In addition, imaging systems utilize solid state semiconductor
image arrays to record the image via the transduction of the
optical energy to electrical energy. Charge Coupled Devices (CCD's)
and other array type detectors are used frequently in the recording
of images from optical systems. Images from these types of
detectors are referred to as digital images due to the digitization
of the field of view into individual pixels.
[0044] A goal of any imaging system is to transfer the image of the
object at a specific magnification to a detector placed at the
image plane of the imaging system. The design of the system will be
such that the object will be magnified to a greater size, as in the
case of a microscope system, or to a much smaller size, as in the
case of a 35 mm wide angle photographic camera system.
[0045] Herein, an image is considered microscopic, if the field
evaluated is less than 3 mm by 3 mm (9 sq. mm) in size. A typical
microscope with a standard CCD detector attached in a position
designed to accept such a detector will allow for a range of fields
of view to be imaged. The field of view for an imaging system is
the region of an object that is imaged onto the detector. In the
case of a 5.times. objective used in a visible microscope having a
standard 2/3 inch format CCD array, the field of view is
approximately 2 mm by 3 mm. Most microscopy systems will use a
5.times. objective as the low magnification objective. A microscope
having a 100.times. objective will allow a 100 by 150 micrometer
field to be viewed. Current imaging technologies, such as atomic
force microscopy, allow for features as small as 1 nanometer (1
billionth of a meter) and below to be imaged. Therefore, the
microscopic domain by this definition reaches from the upper limit
of 3 mm by 3 mm to the lower limit defined by the state of the art
in imaging technology.
[0046] By utilizing a different optical design, imaging systems can
also form images of objects at reduced magnification ratios, i.e.,
they may form an image that is significantly smaller than the
object imaged. For the purposes of this disclosure, the macroscopic
domain is defined as ranging from 3 mm by 3 mm (9 sq. mm) to
approximately 50 cm by 50 cm (an aspect ratio of 1 is assumed
here), a size determined by fixed focal length (non-zoom) lenses
for use in the near infrared region of the electromagnetic
spectrum.
[0047] Much of this disclosure specifically discusses microscopic
techniques.

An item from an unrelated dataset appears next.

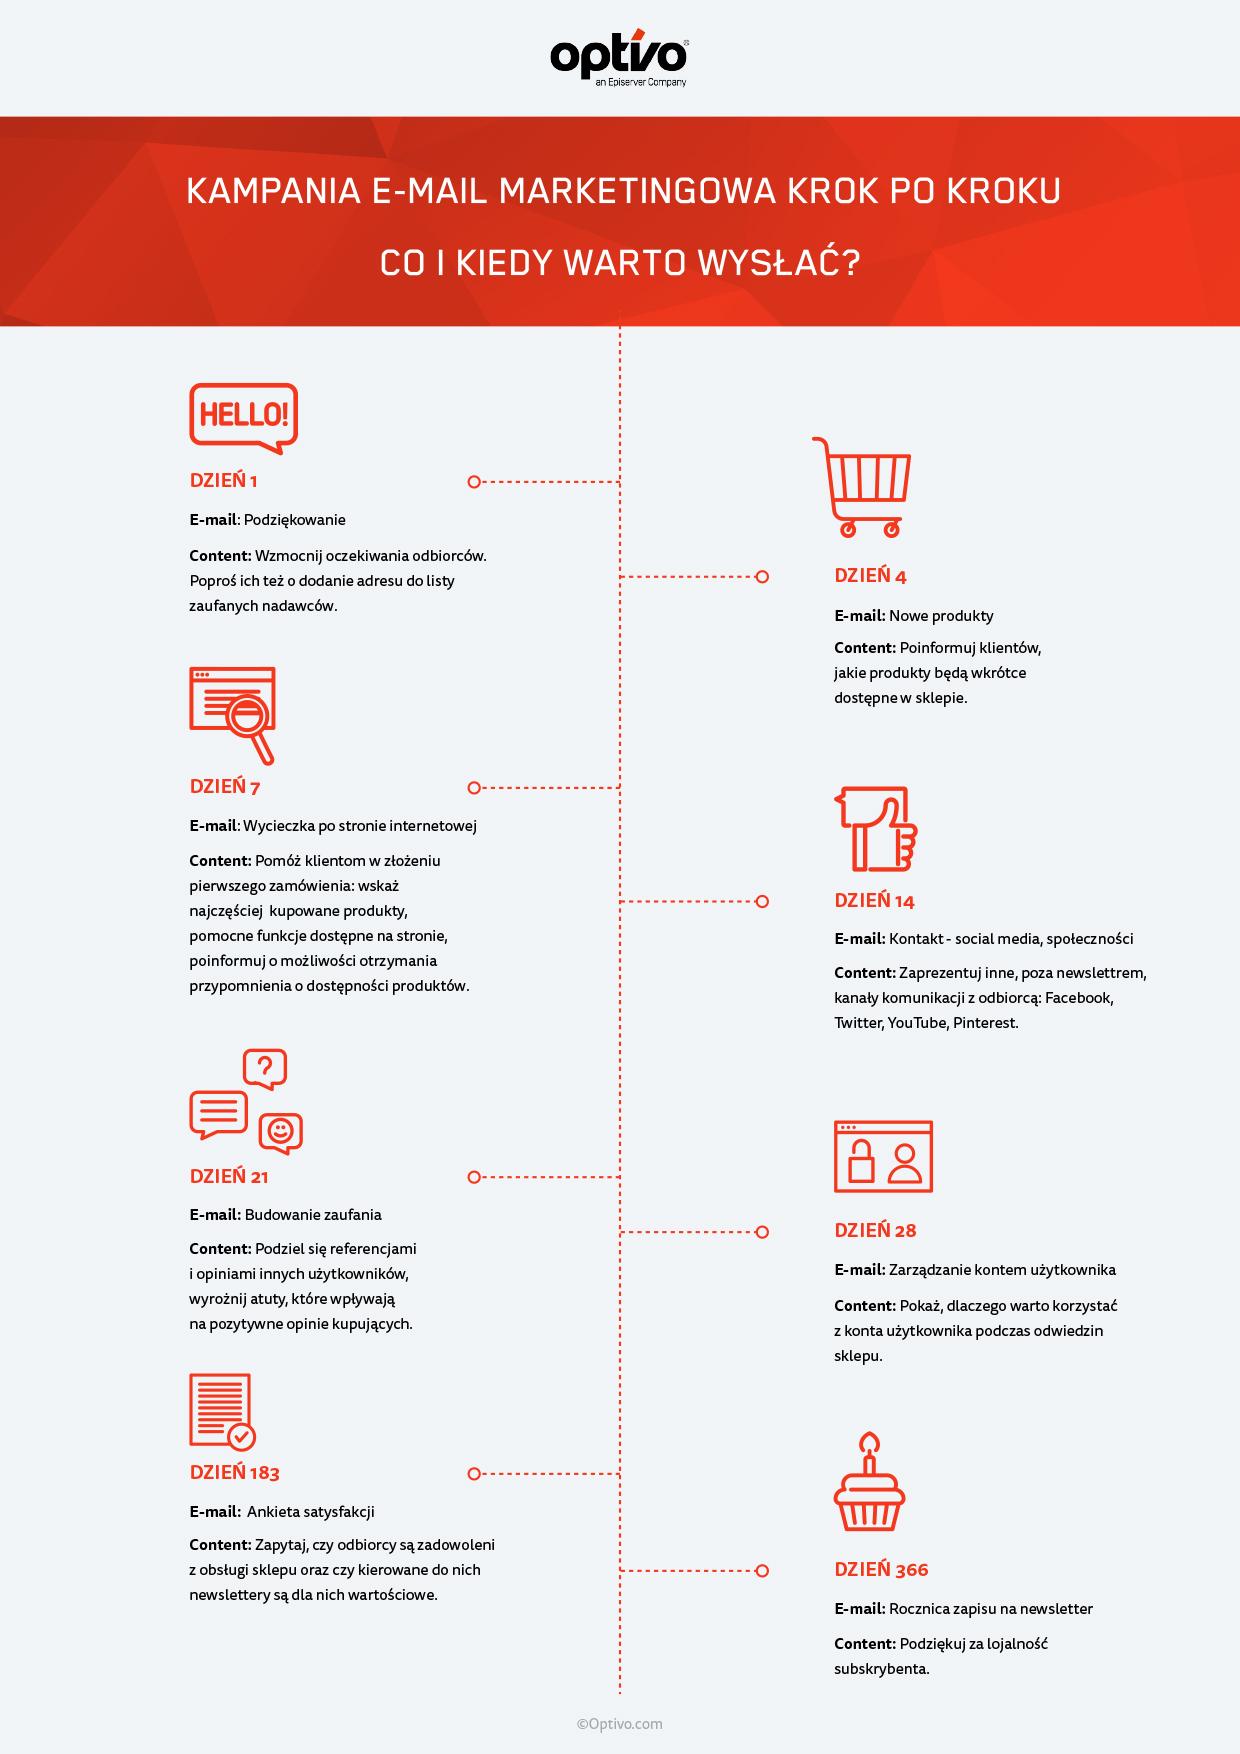 Pierwsze wrażenie - czyli jak skutecznie zaplanować kampanie powitalne? Digital Optivo Kampanie powitalne infografika

However, the techniques for data acquisition, data
treatment, and interpretation are identical for macroscopic imaging
(as defined) with respect to the fundamental theories governing the
generalized imaging experiment. Indeed, examples of imaging both in
the microscopic and macroscopic domains are provided, and the
techniques presented herein can be applied to both.
[0048] 1. Traditional Surface Contrast Imaging
[0049] Traditional microscopic imaging techniques generally involve
a microscopic evaluation of the surface properties of the sample,
to obtain simple surface morphology information. Such techniques
include, for example, electron beam methods such as scanning
electron microscopy (SEM), transmission electron microscopy (TEM)

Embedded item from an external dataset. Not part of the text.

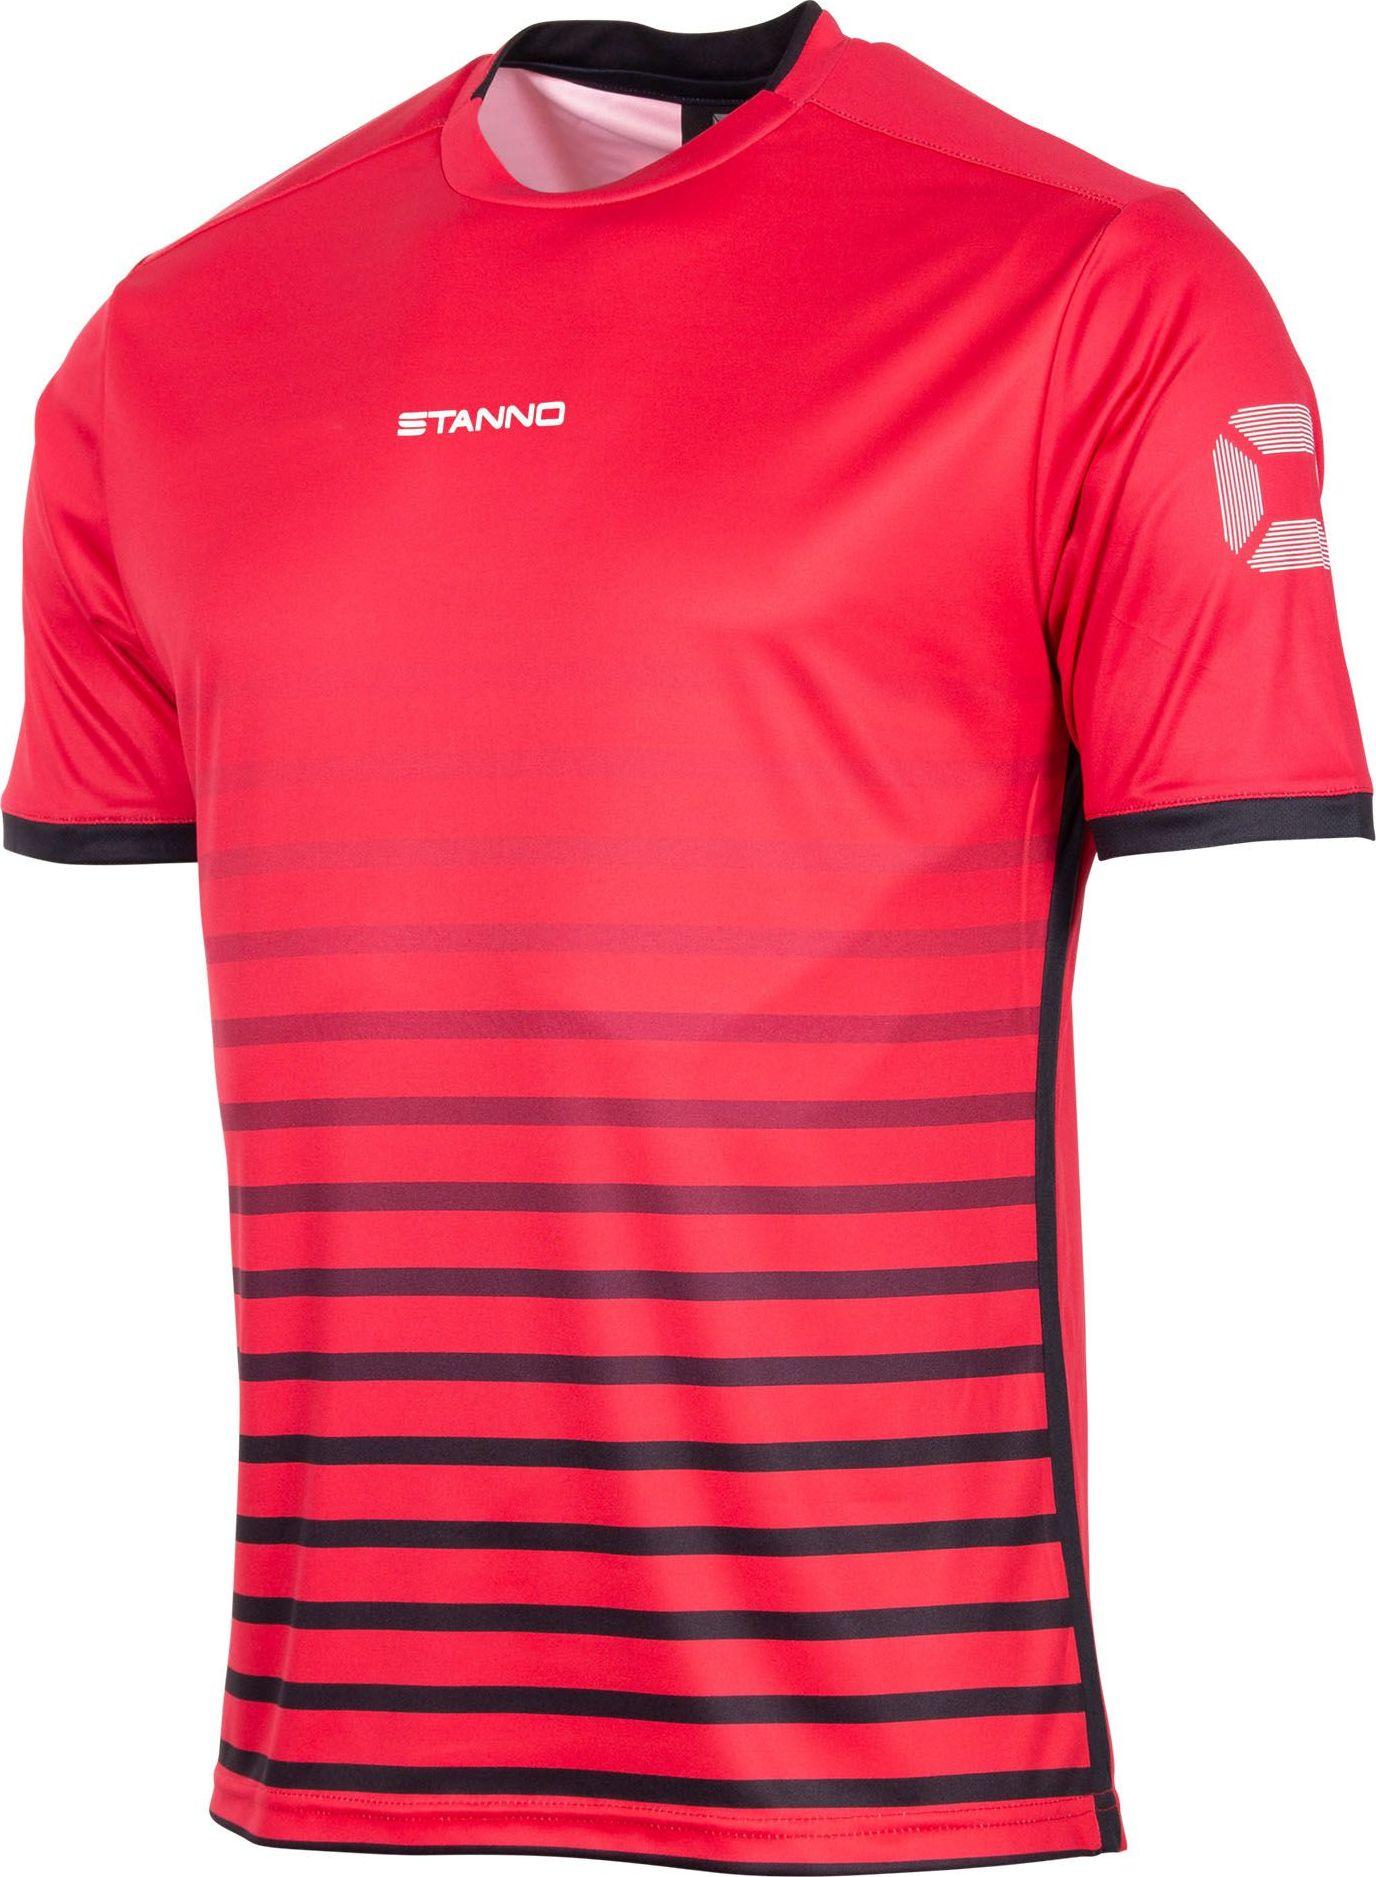 volleybal shirt met naam

and traditional light methods such as Bright field microscopy.
These techniques produce image contrasts generated by the surface
properties (i.e., physical geography and topology) of an evaluated
substrate.
[0050] In many instances, when a substrate has been chemically
modified or enhanced, the enhancements do not generate surface
morphological (or topological) changes readily observable using
such traditional imaging methods, i.e., by surface (or physical)
morphology contrast methods. In addition, in some instances, even
though differences may be observable, it is difficult to correlate
the observed differences to any particular chemical modifications
or effects that were induced.
[0051] As an example, consider the evaluation indicated in FIGS. 1
and 2 and discussed below at Example 1. Each of FIGS. 1 and 2 is a
scanning electron micrograph (SEM) of paper (100.times.). In
general, the process used to prepare each sample was a wet laid
cellulose fiber (pulp) process. Indeed, as one would expect, each
SEM at 100.times. shows a cellulose fiber construction.
[0052] The sample depicted in FIG. 1 is of a paper sample which has
not been modified (by an additive) in the manner described in
Example 1 below. The image of FIG. 2 is of a paper sample which was
prepared with a desired modification (modified by addition of a
seed based fiber material) for evaluation. There are no readily
apparent morphological differences viewable from the scanning
electron micrographs of FIGS. 1 and 2, even though the two papers
would show readily observable differences in physical properties,
for example burst strength.
[0053] In many instances, efforts to evaluate differences between
such types of samples have led to efforts to merely obtain greater
and greater magnification, to see if morphological differences
(which might explain observed results such as increased burst
strength) can be detected. With respect to this, attention is
directed to FIGS. 3 and 4. FIG. 3 is an SEM of the same type of
material as shown in FIG. 1, but shown at 800.times. magnification;
and, FIG. 4 is of the same type of material as shown in FIG. 2, but
at 800.times. magnification.
[0054] When such increases in magnification were made, for the
particular samples depicted, several observations were
apparent:
[0055] (a) First, the 800.times. evaluation was of only a very tiny
portion (about 90 microns by 130 microns) of the substrate (paper
sample) and it is sometimes difficult to know to what extent the
evaluation is indicative of the substrate as a whole; and,
[0056] (b) Although certain morphological differences were
discernable, they were relatively fine structural differences and
it is difficult to fully evaluate them to understand their extent
and cause, as such relates to the fiber additive.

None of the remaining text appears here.